Data items:
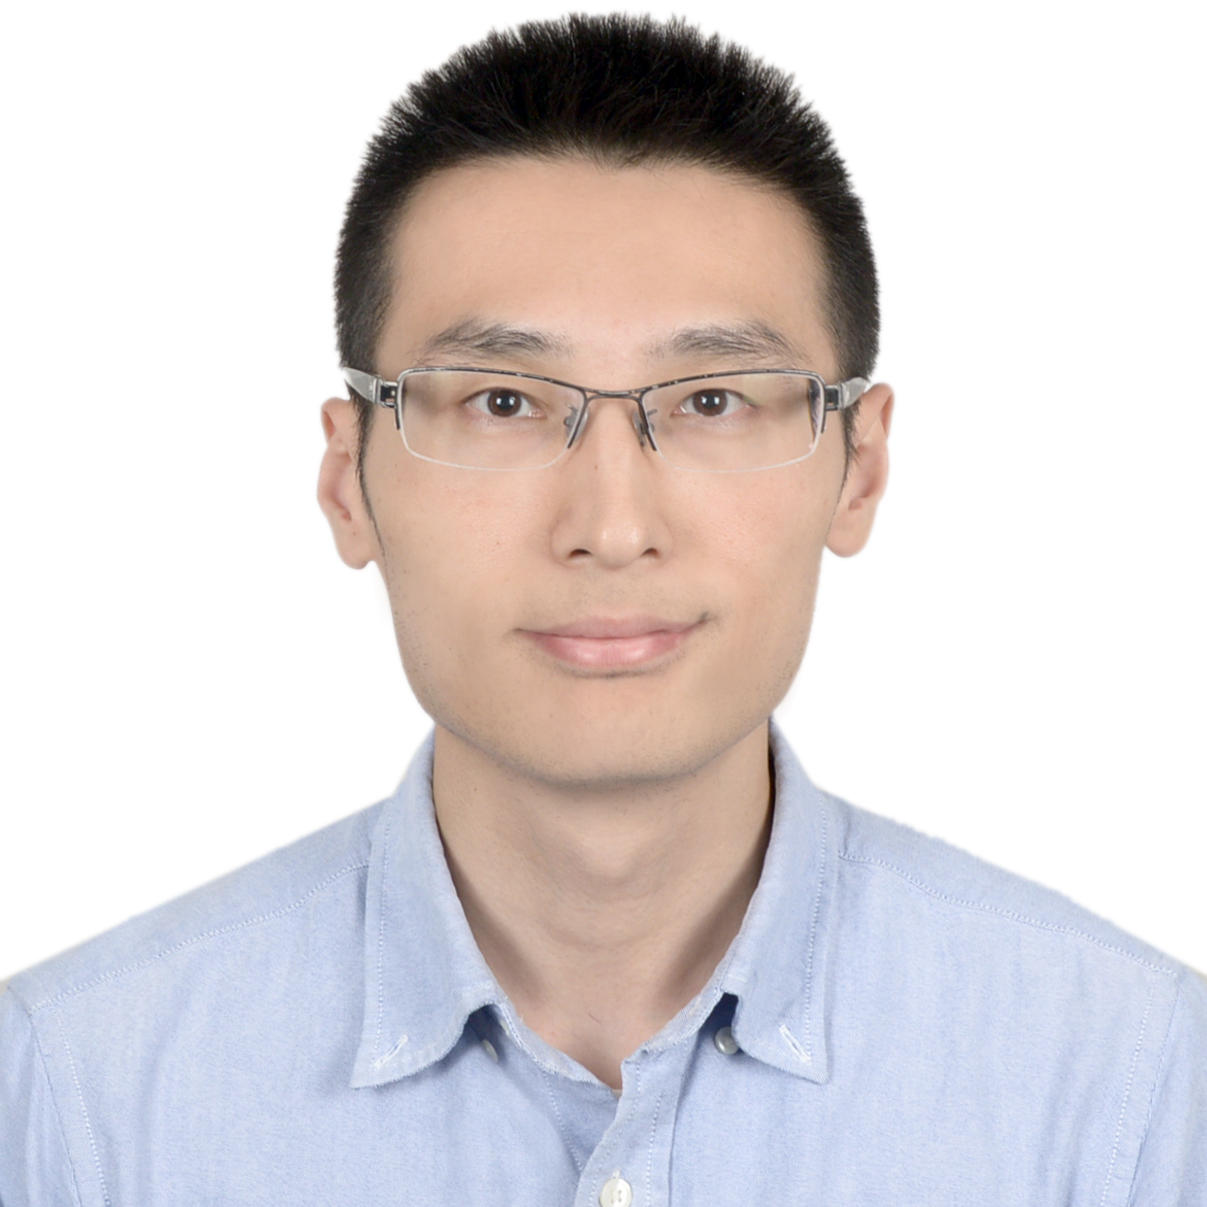 网易网易杭州研究院云计算技术部资深架构师张亮 照片
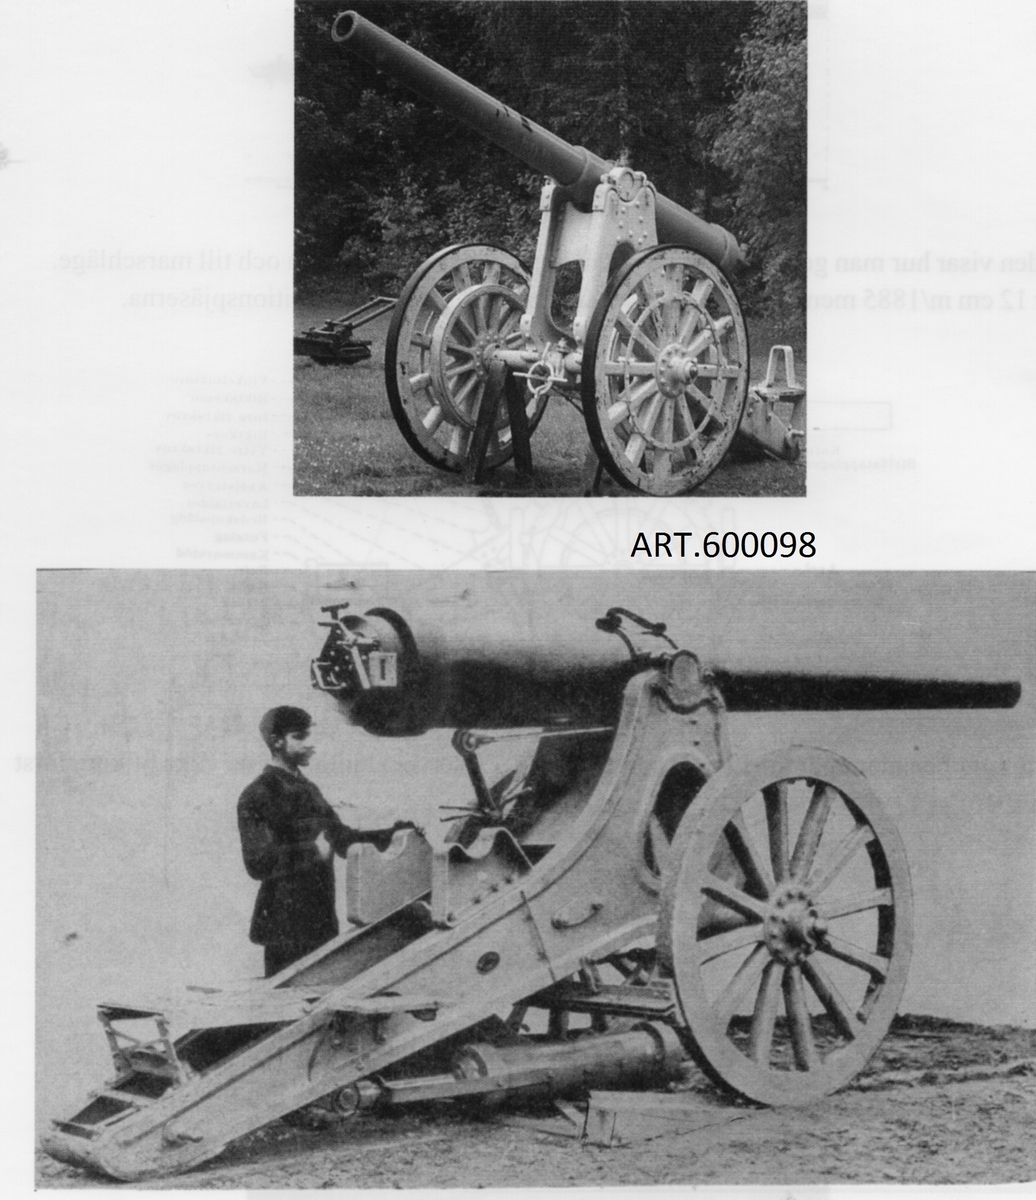 För fästningarna behövdes kanoner med allt längre räckvidd, särskilt Karlsborg. En serie på två 16 cm kanoner beställdes efter försök redan från 1886. Genom att de var något instabila och mycket tunga blev det inte fler. En rapport talar om viss ”otrygghet” vid både transport och skjutning.
 Kanonerna överfördes från Karlsborg till Bodens fästning där de bestyckade ett batteri.

Rekylen skulle fångas upp via långa lutande kilar (ca 5 meter långa) som pjäsen skulle rulla upp på genom rekylkraften och sedan kunna rulla åter till eldläget. Även här blev det osäkert och skulle kanonen välta skulle det vara farligt och mycket besvärligt att åter räta upp. (SE på bilder med kilar för 12 cm kanon m/1885.) Det löstes i stället med kraftiga kompressorer fästa i betongunderlag och i lavetten, som på kort sträcka tog hand om nästan hela rekylen och förde fram pjäsen igen. En liten kil fanns kvar.( Se bilder)

DATA	Totalvikt 5 000 kg varav eldrör 3000 kg, kaliber 155 mm (betecknad 16 cm). Räckvidd ca 9,5 km.  Granat 32,2 kg

* [Exercise]: What is needed here is an exact copy of the lines from the line containing "För fästningarna behövdes" through the end of the records, with every picture left out.

* [Response to the exercise]:
 För fästningarna behövdes kanoner med allt längre räckvidd, särskilt Karlsborg. En serie på två 16 cm kanoner beställdes efter försök redan från 1886. Genom att de var något instabila och mycket tunga blev det inte fler. En rapport talar om viss ”otrygghet” vid både transport och skjutning.
 Kanonerna överfördes från Karlsborg till Bodens fästning där de bestyckade ett batteri.

Rekylen skulle fångas upp via långa lutande kilar (ca 5 meter långa) som pjäsen skulle rulla upp på genom rekylkraften och sedan kunna rulla åter till eldläget. Även här blev det osäkert och skulle kanonen välta skulle det vara farligt och mycket besvärligt att åter räta upp. (SE på bilder med kilar för 12 cm kanon m/1885.) Det löstes i stället med kraftiga kompressorer fästa i betongunderlag och i lavetten, som på kort sträcka tog hand om nästan hela rekylen och förde fram pjäsen igen. En liten kil fanns kvar.( Se bilder)

DATA	Totalvikt 5 000 kg varav eldrör 3000 kg, kaliber 155 mm (betecknad 16 cm). Räckvidd ca 9,5 km.  Granat 32,2 kg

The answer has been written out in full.